Data block:
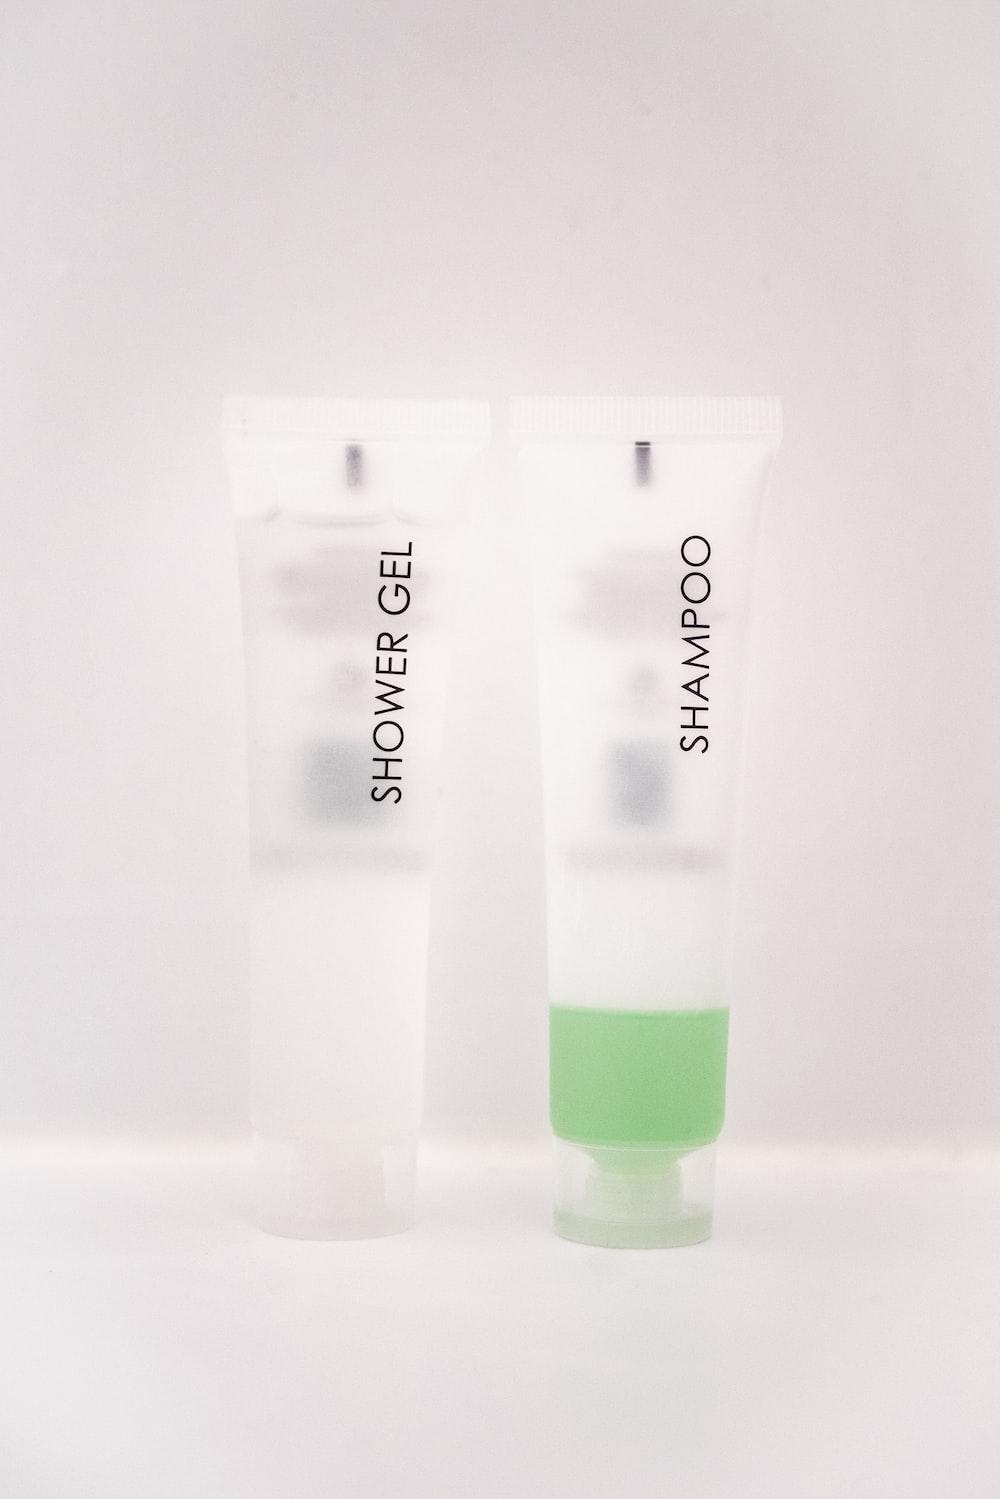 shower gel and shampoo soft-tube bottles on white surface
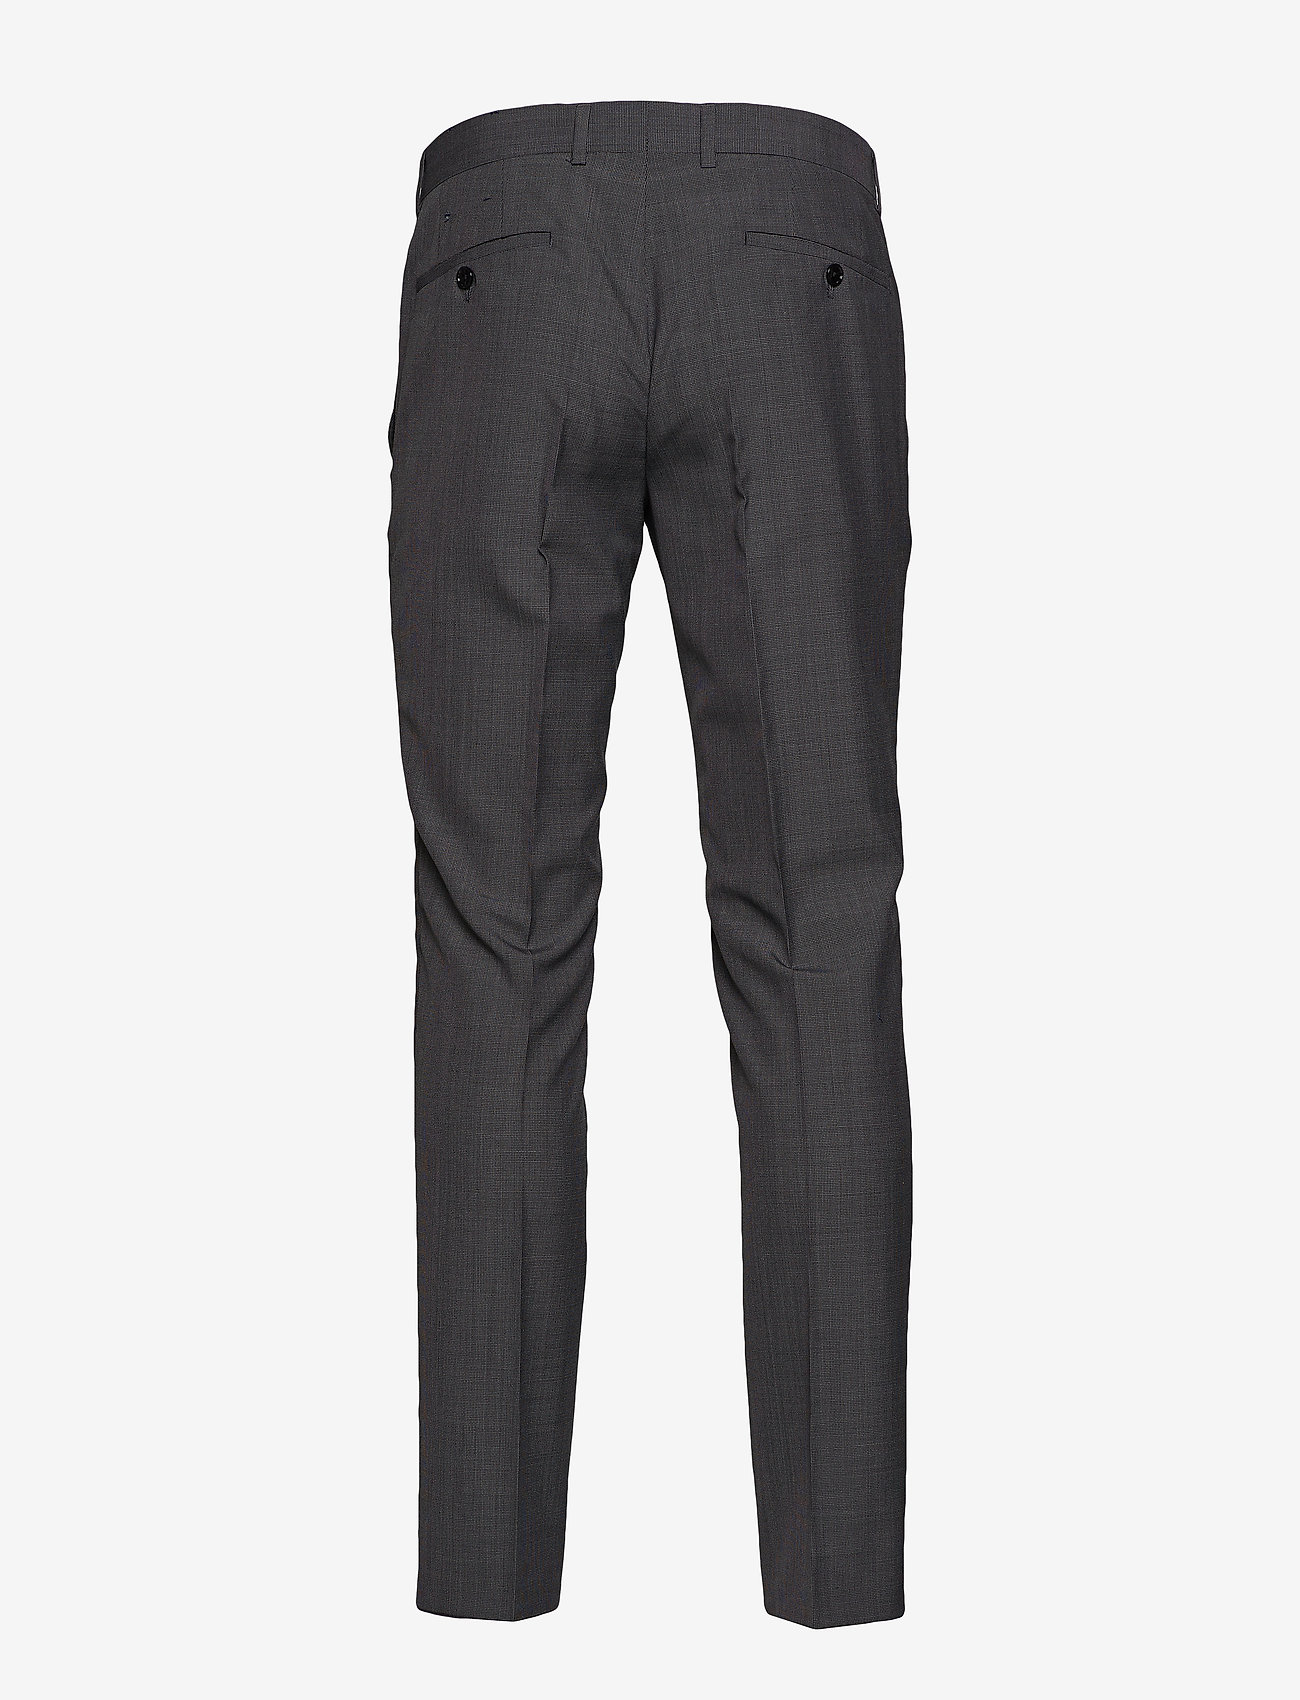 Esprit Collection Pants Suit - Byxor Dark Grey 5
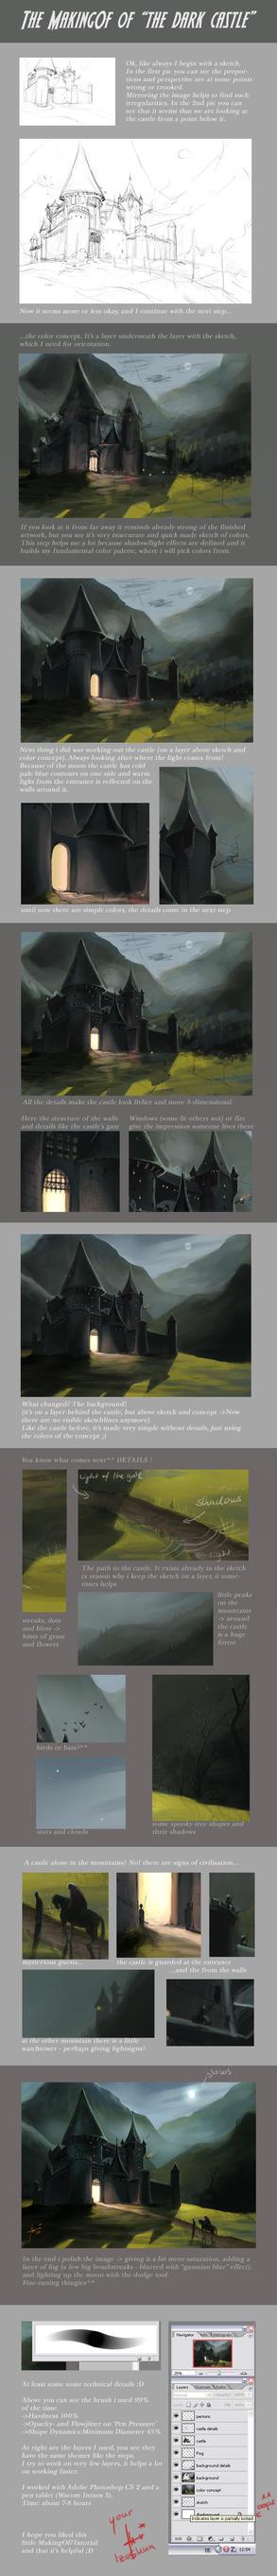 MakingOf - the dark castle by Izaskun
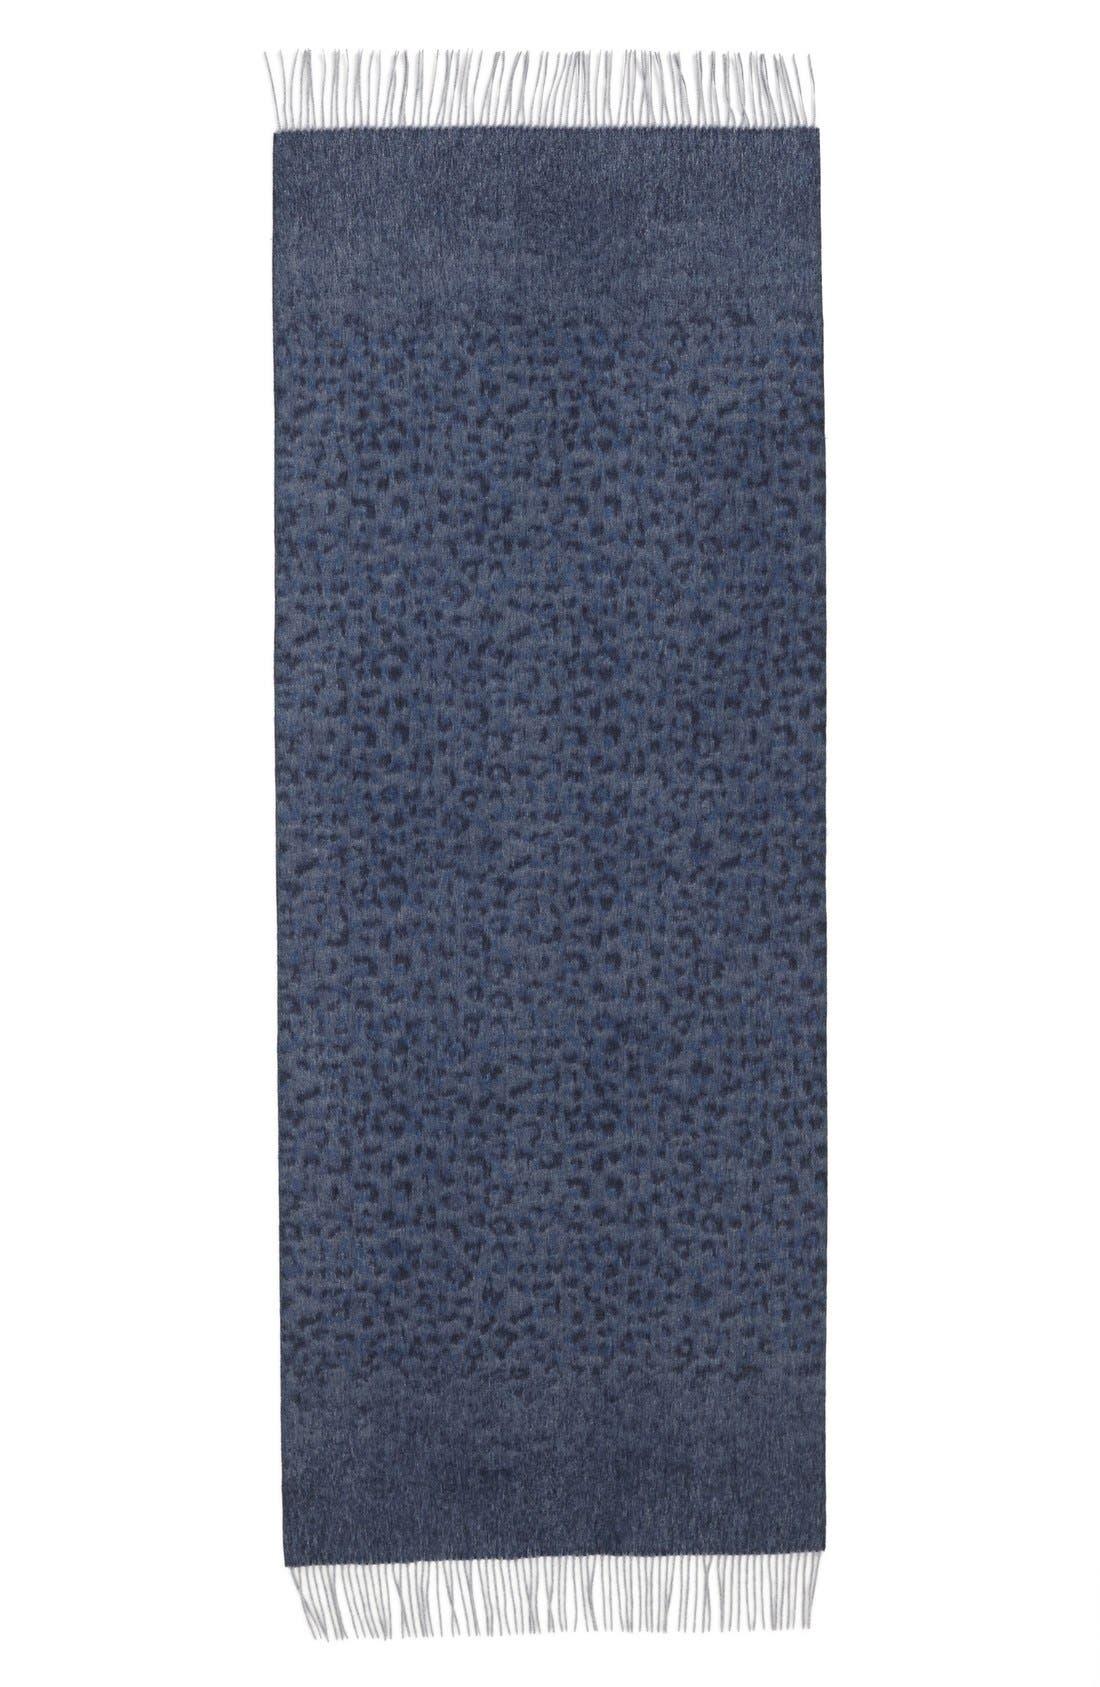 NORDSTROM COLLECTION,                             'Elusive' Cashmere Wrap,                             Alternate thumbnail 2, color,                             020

What you will do: The whole listing is to be duplicated verbatim, apart from its images.

Your response:
 shower gel and shampoo soft-tube bottles on white surface
 Esprit Collection Pants Suit - Byxor Dark Grey 5
 MakingOf - the dark castle by Izaskun
 NORDSTROM COLLECTION,                             'Elusive' Cashmere Wrap,                             Alternate thumbnail 2, color,                             020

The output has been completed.